◆ **Given information**:
● ● ● ● ●
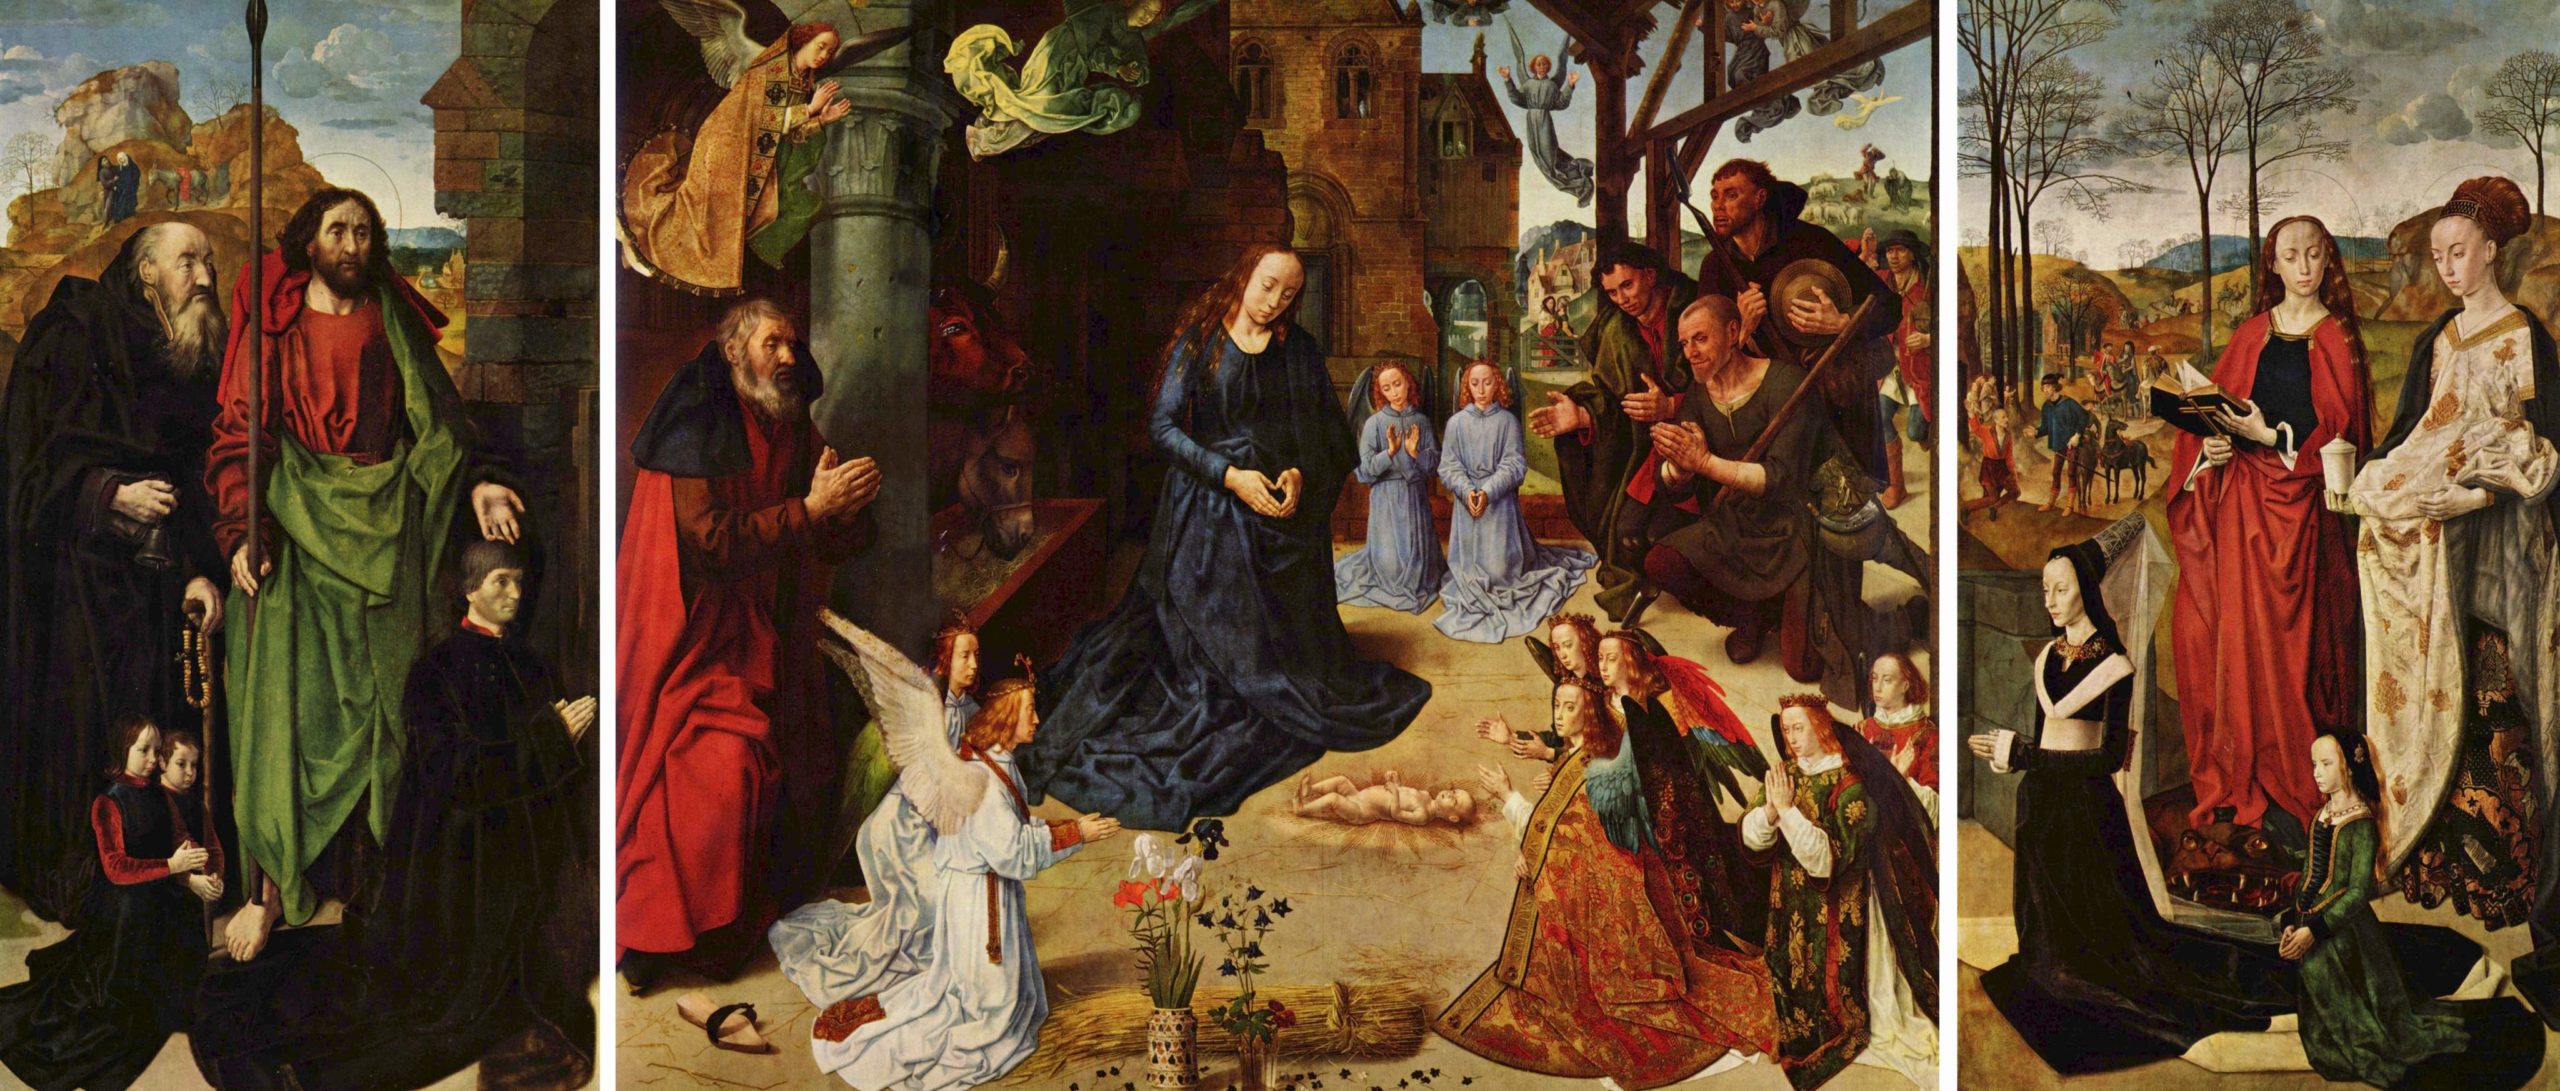 Hugo van der Goes, Portinari Altarpiece, c. 1476, oil on wood, 274 x 652 cm when open (Uffizi)
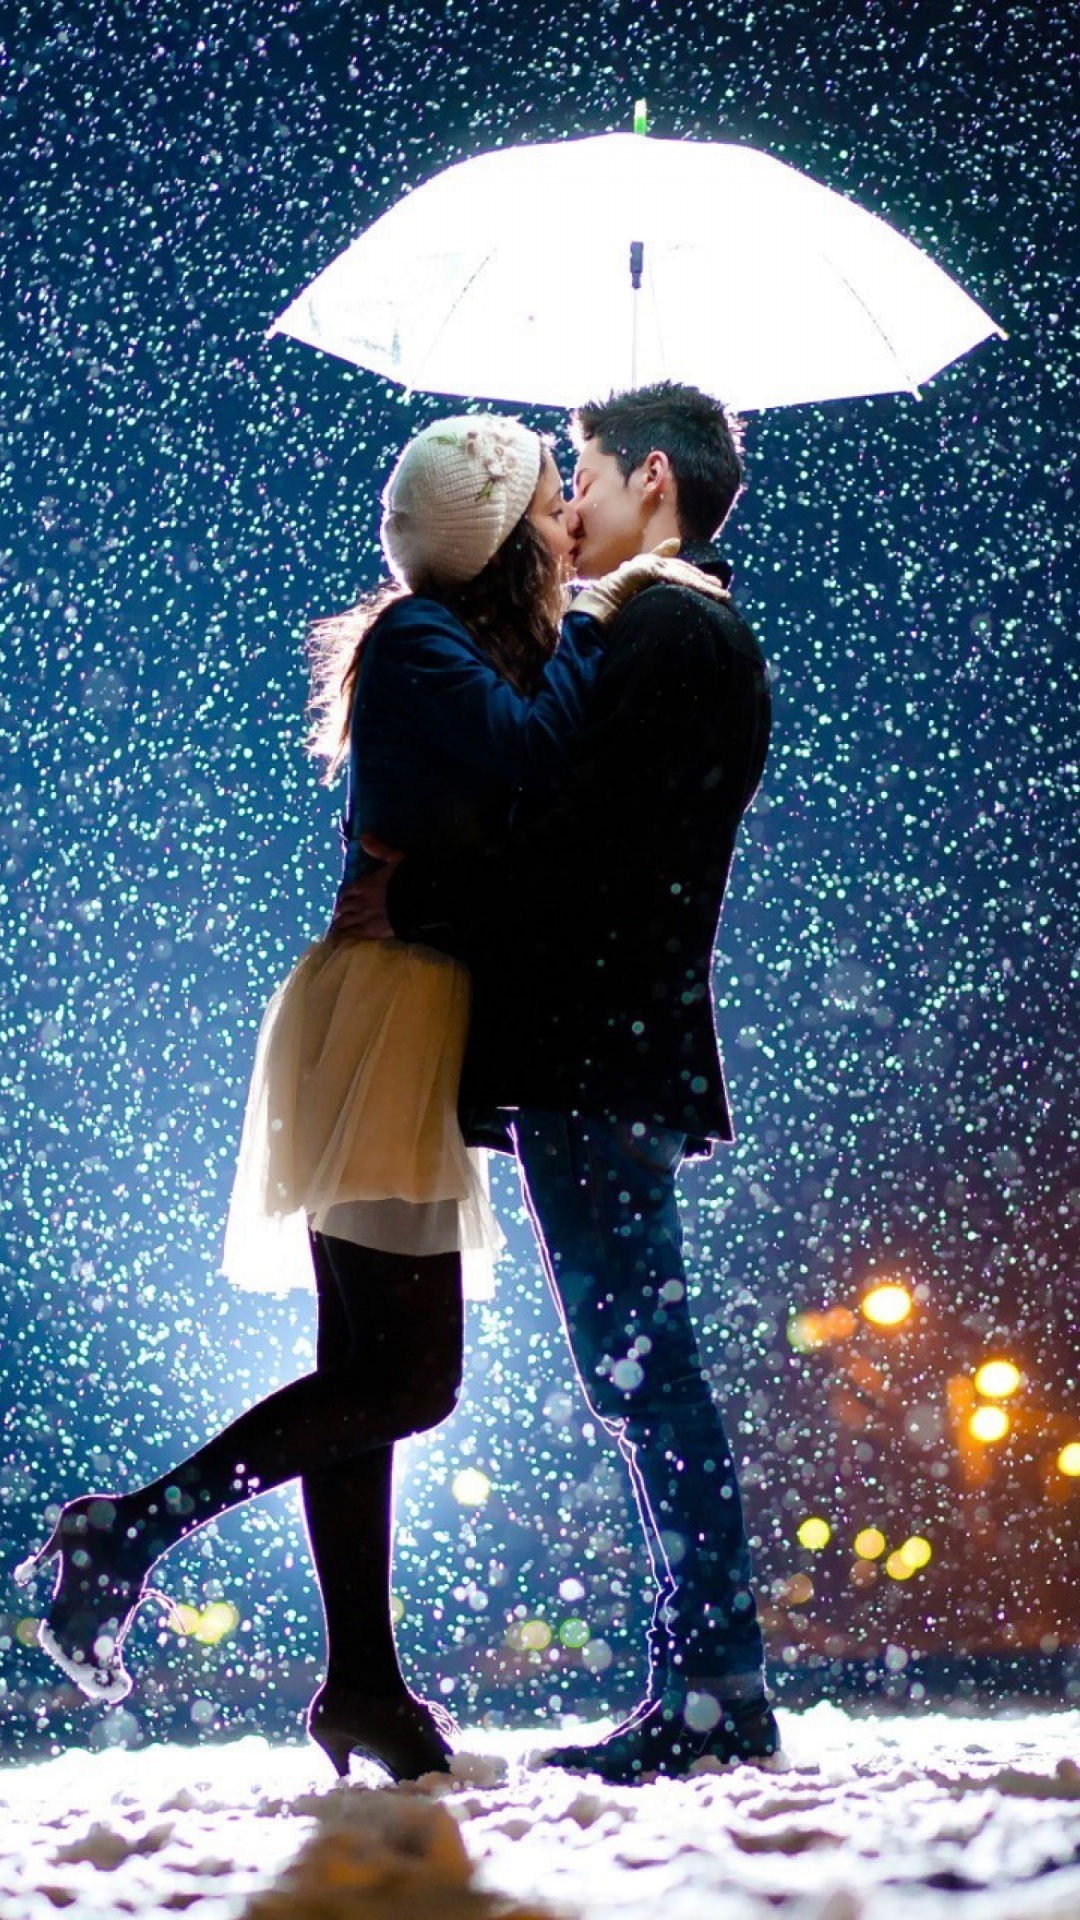 Romantik, Kuss, Ehepaar, Regenschirm, Schnee. Wallpaper in 1080x1920 Resolution
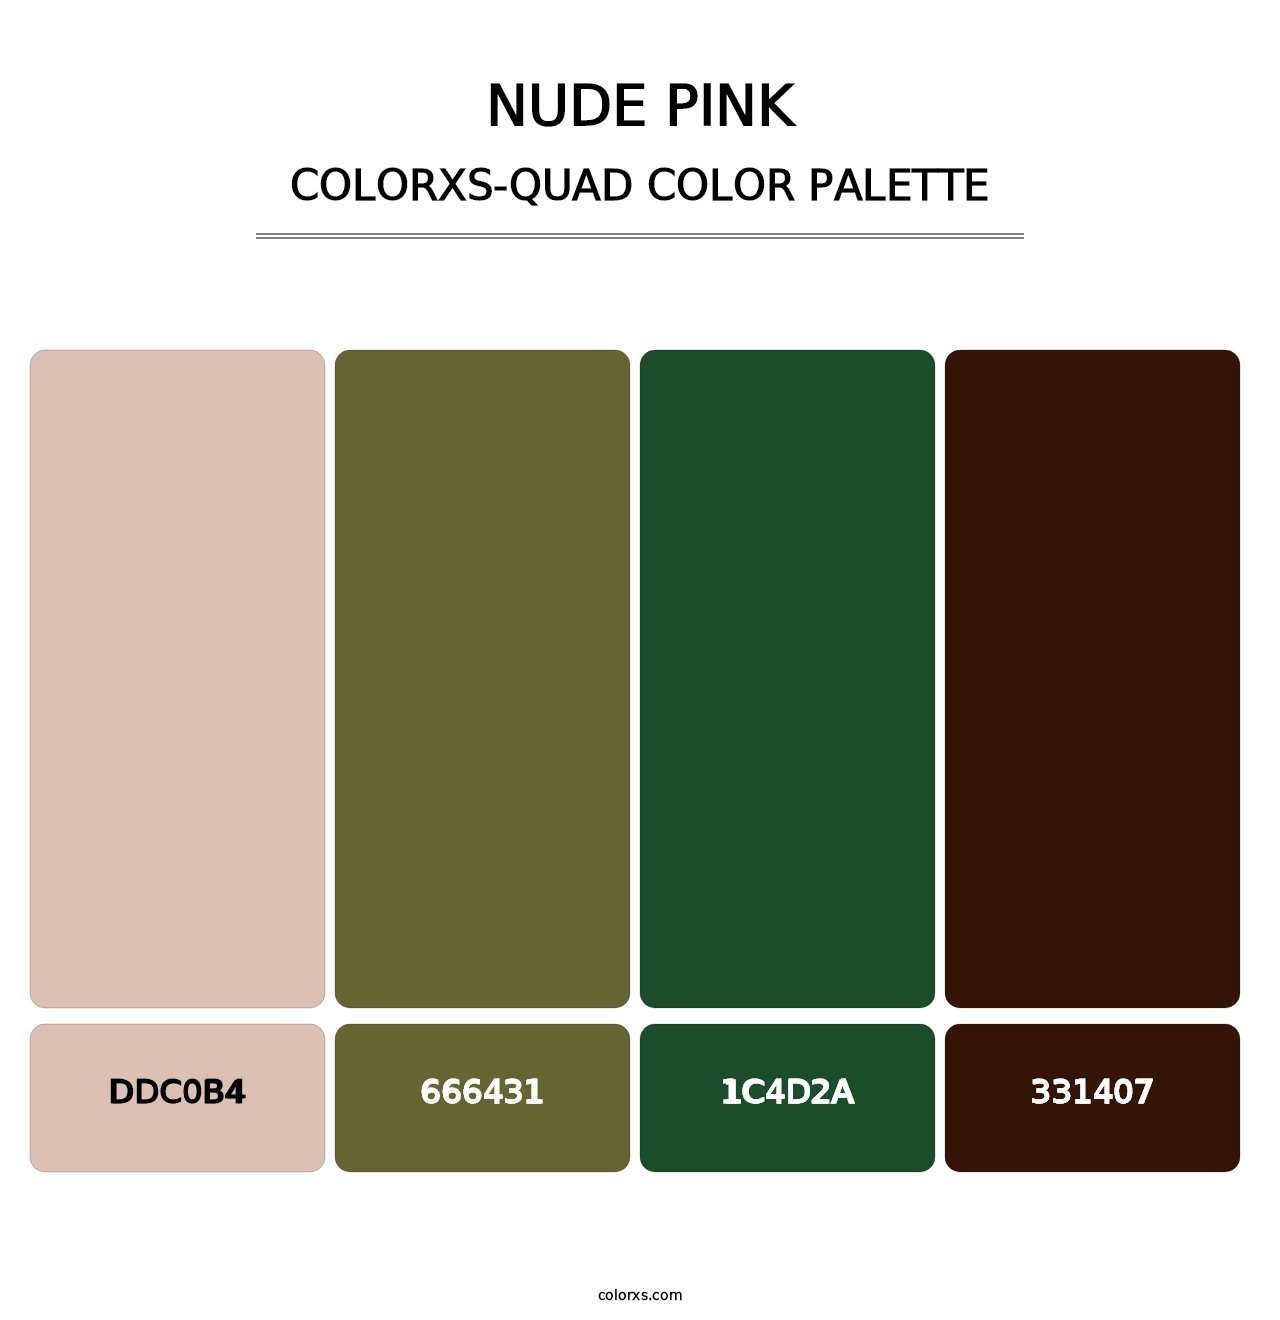 Nude Pink - Colorxs Quad Palette
● ● ● ● ●
◆ **Your task**:
Restate the whole listing word for word. Omit the pictures.

◆ **Answer box**:
 Hugo van der Goes, Portinari Altarpiece, c. 1476, oil on wood, 274 x 652 cm when open (Uffizi)
 Romantik, Kuss, Ehepaar, Regenschirm, Schnee. Wallpaper in 1080x1920 Resolution
 Nude Pink - Colorxs Quad Palette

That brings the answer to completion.